TASK DIRECTIONS: Pictures are to be omitted. Output only the lines from the one containing "Seltene Münze, 3" through the end of the data, word for word.

DATA SECTION:
+++++
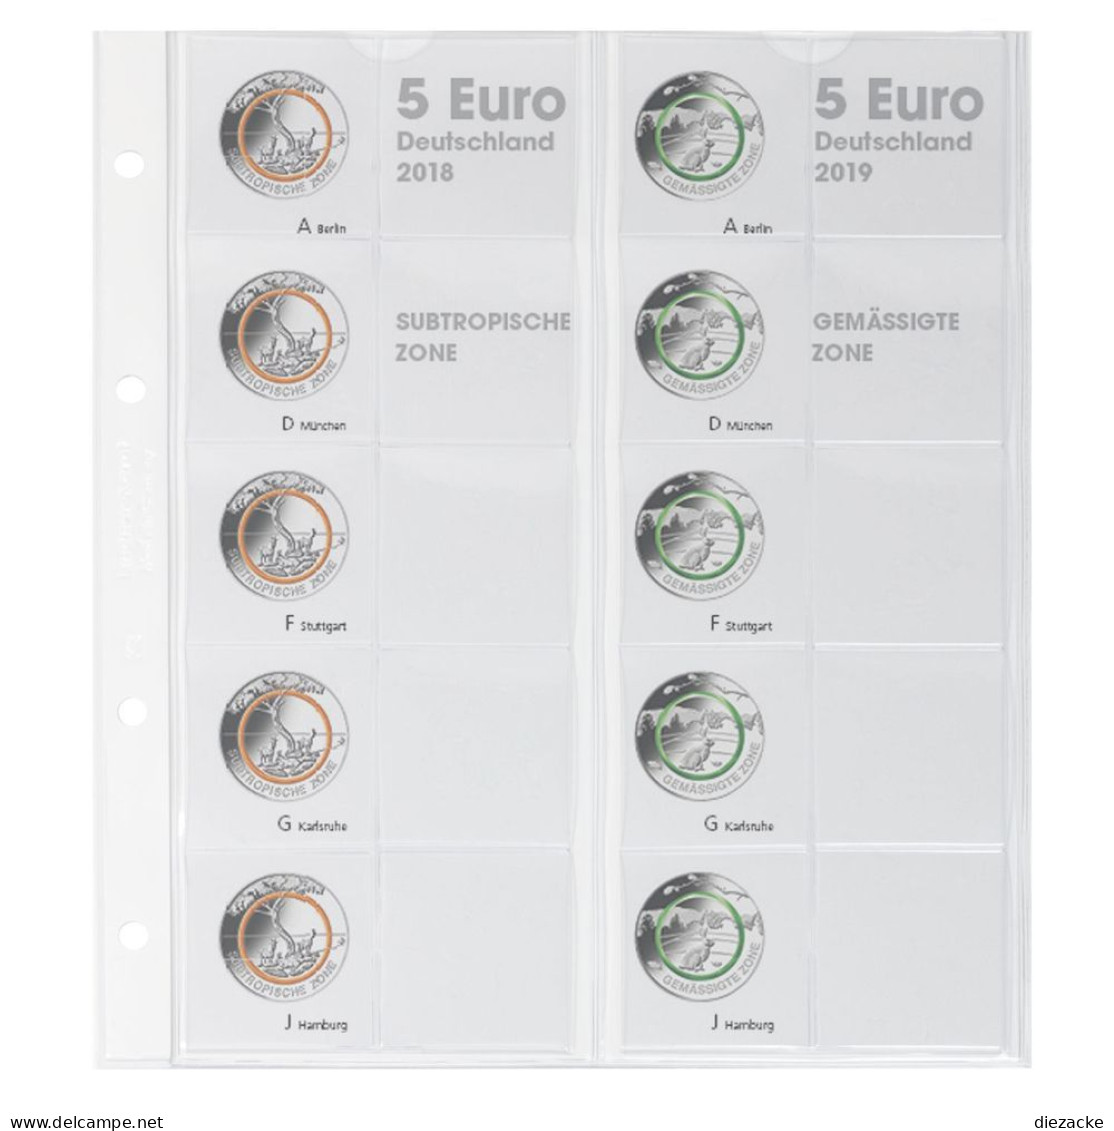 Lindner Vordruckblatt Karat Für 5 Euro-Münzen Polymerring 1119-2 Neu - Supplies And Equipment
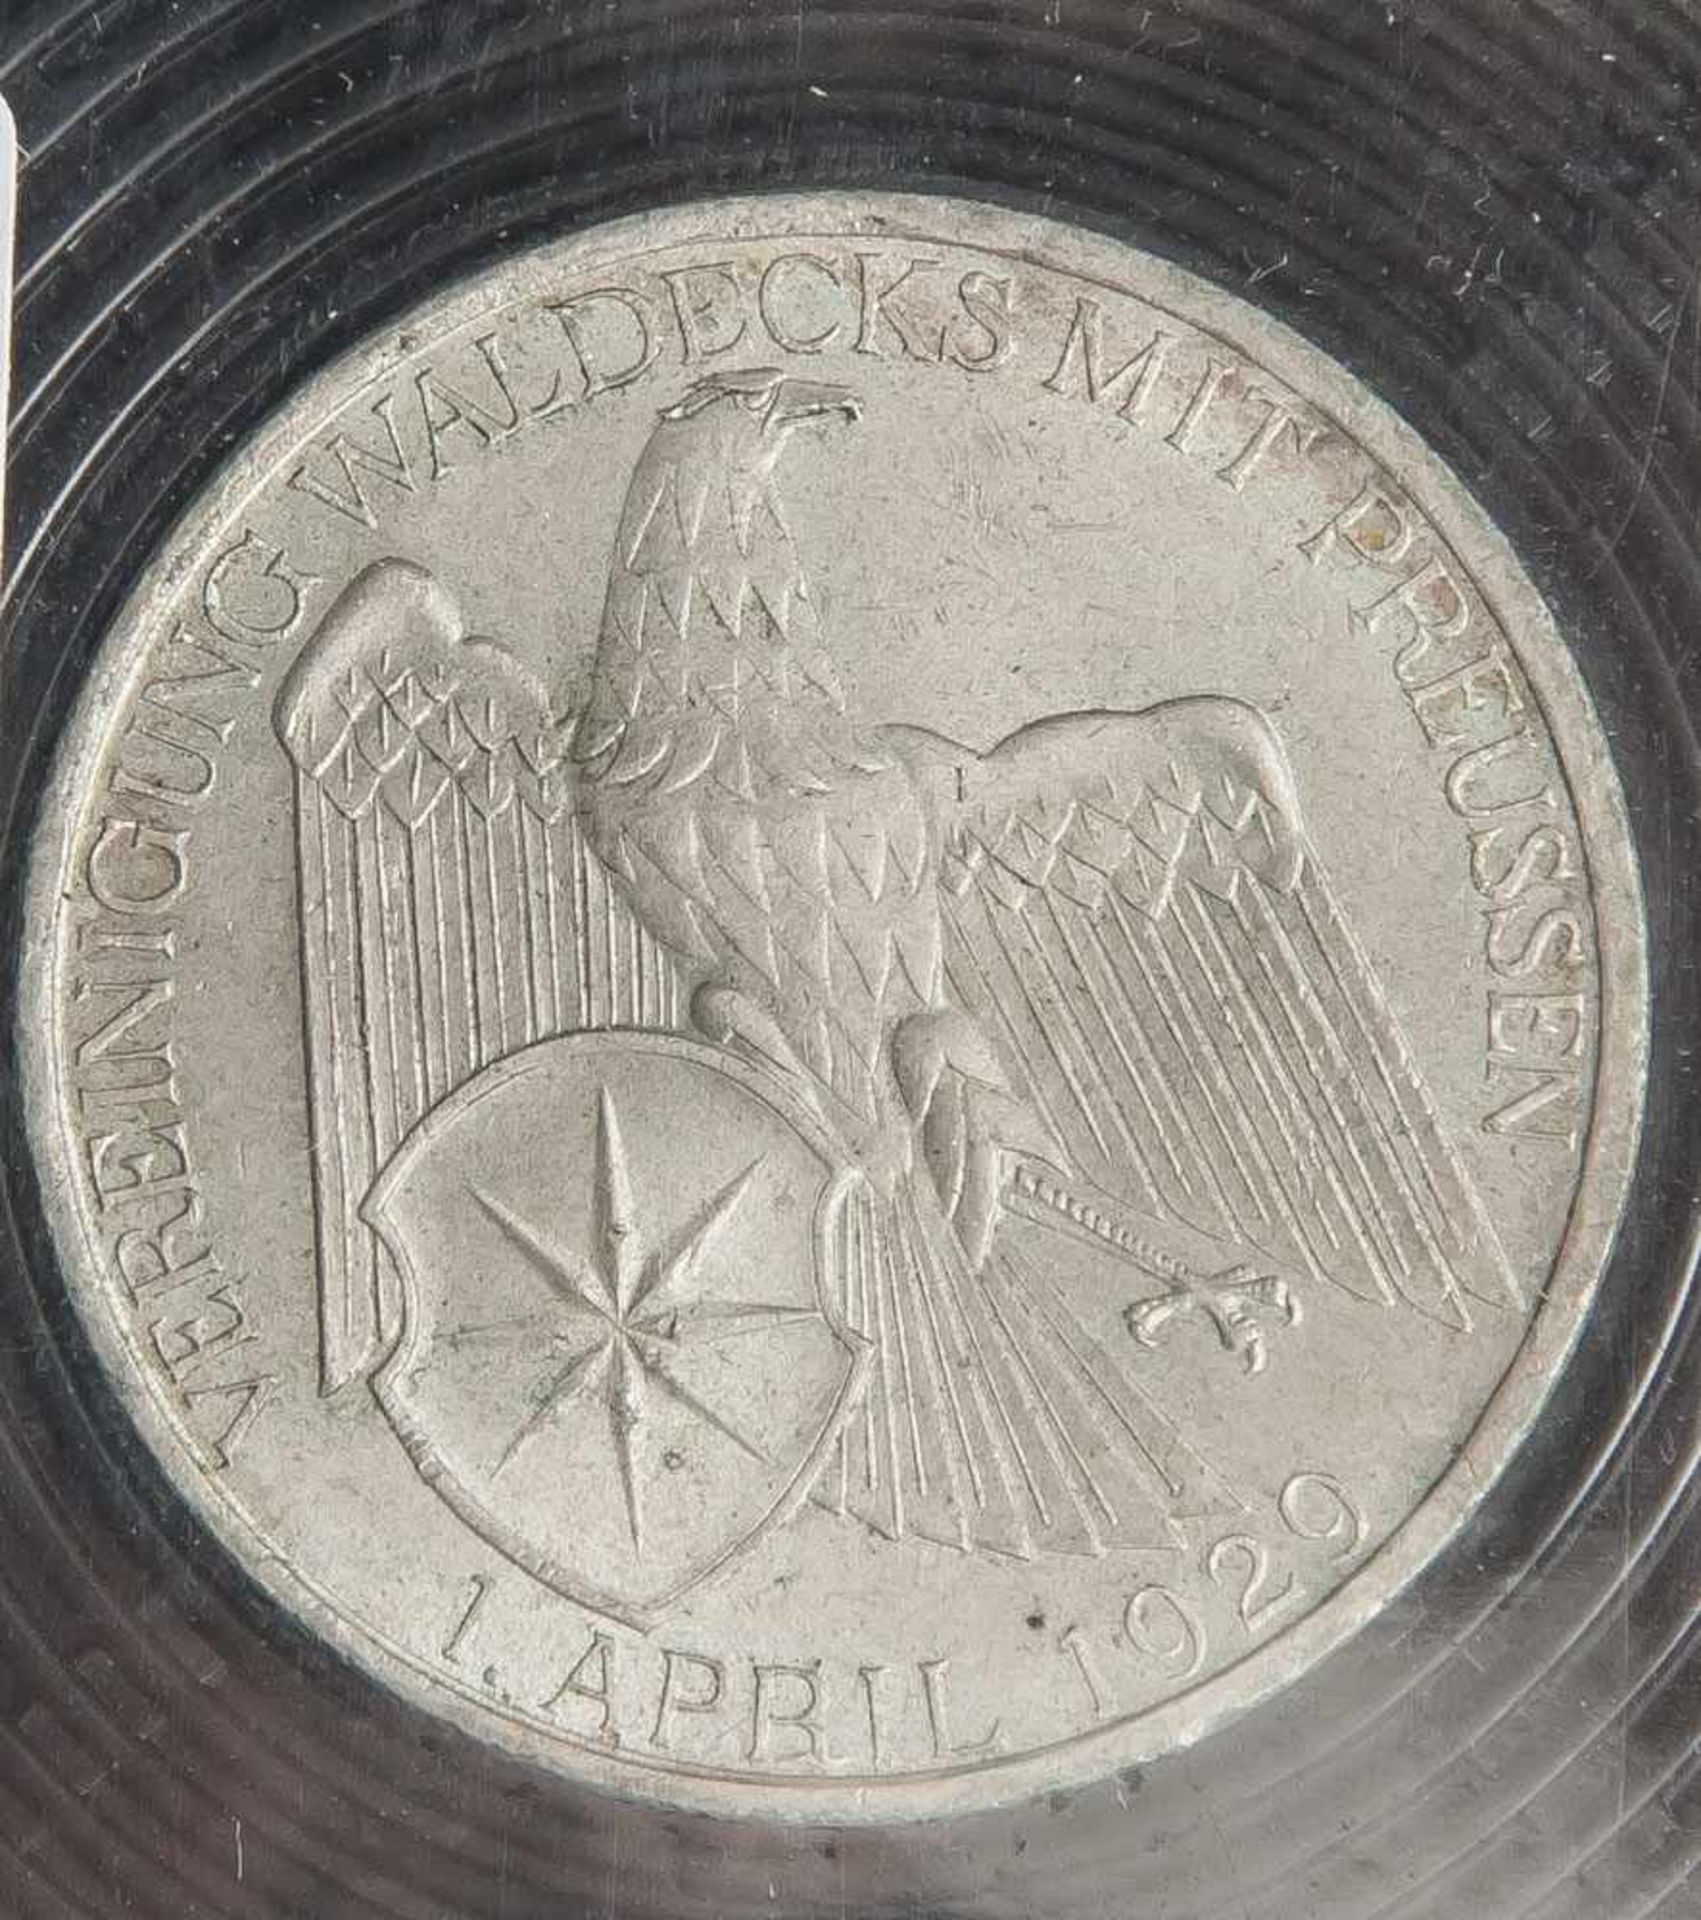 Seltene Münze, 3 Reichsmark, Vereinigung Waldecks, 1929.
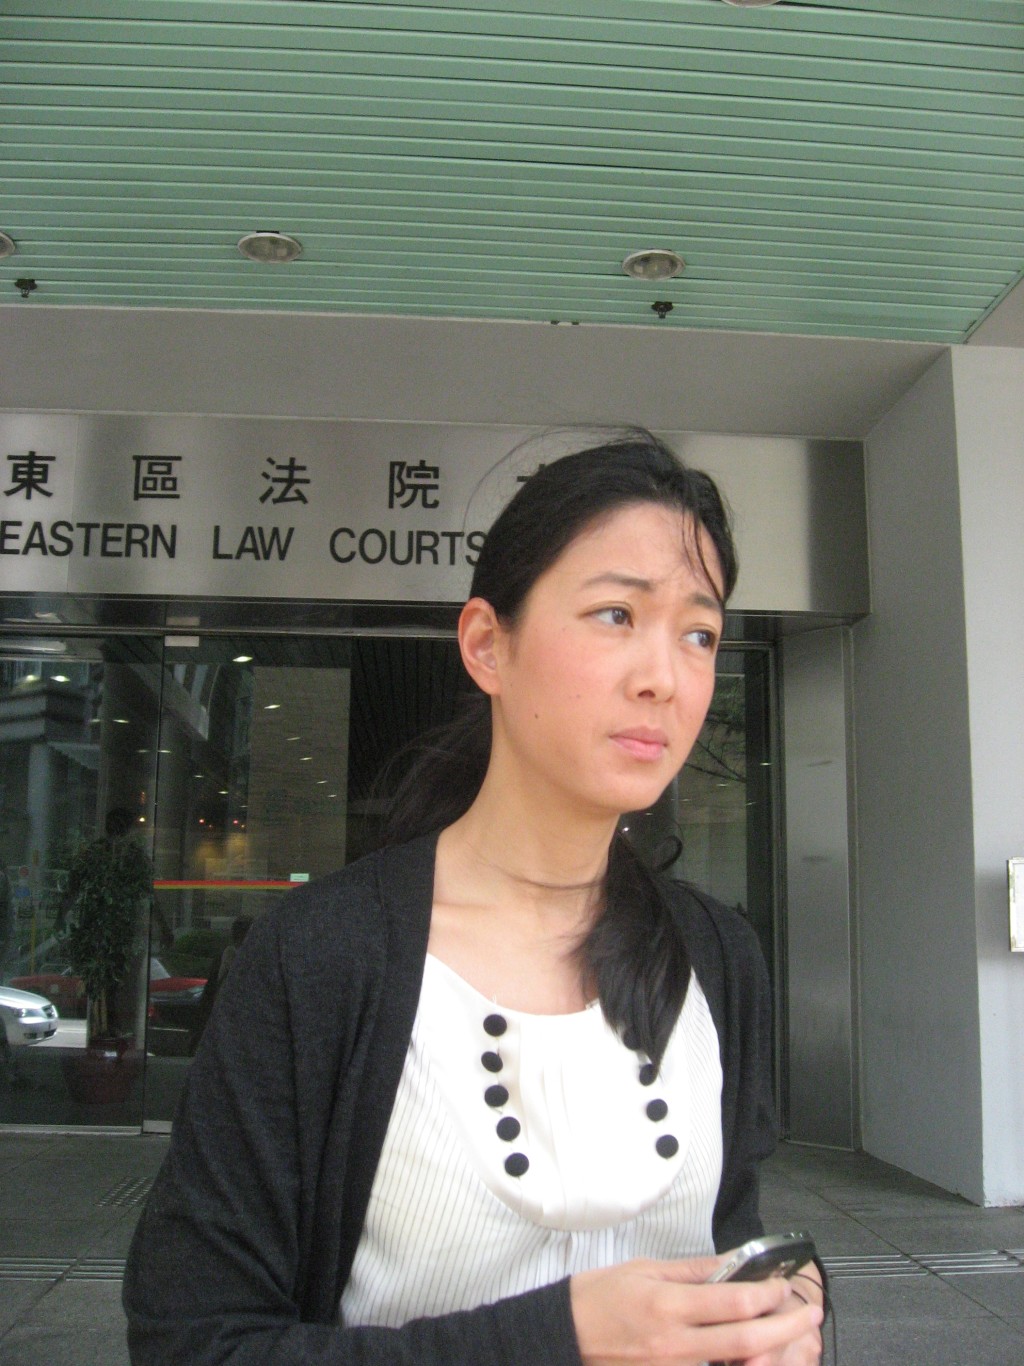 郭惠光2009年乘搭由其夫驾驶的汽车时因超速被截停、其丈夫吴继霖被揭发未有本港驾驶执照、郭惠光承认一项「允许并无驾驶执照的人驾驶」的票控被判罚款七百元。
+++++
TASK OUTPUT:
 Seltene Münze, 3 Reichsmark, Vereinigung Waldecks, 1929.
 郭惠光2009年乘搭由其夫驾驶的汽车时因超速被截停、其丈夫吴继霖被揭发未有本港驾驶执照、郭惠光承认一项「允许并无驾驶执照的人驾驶」的票控被判罚款七百元。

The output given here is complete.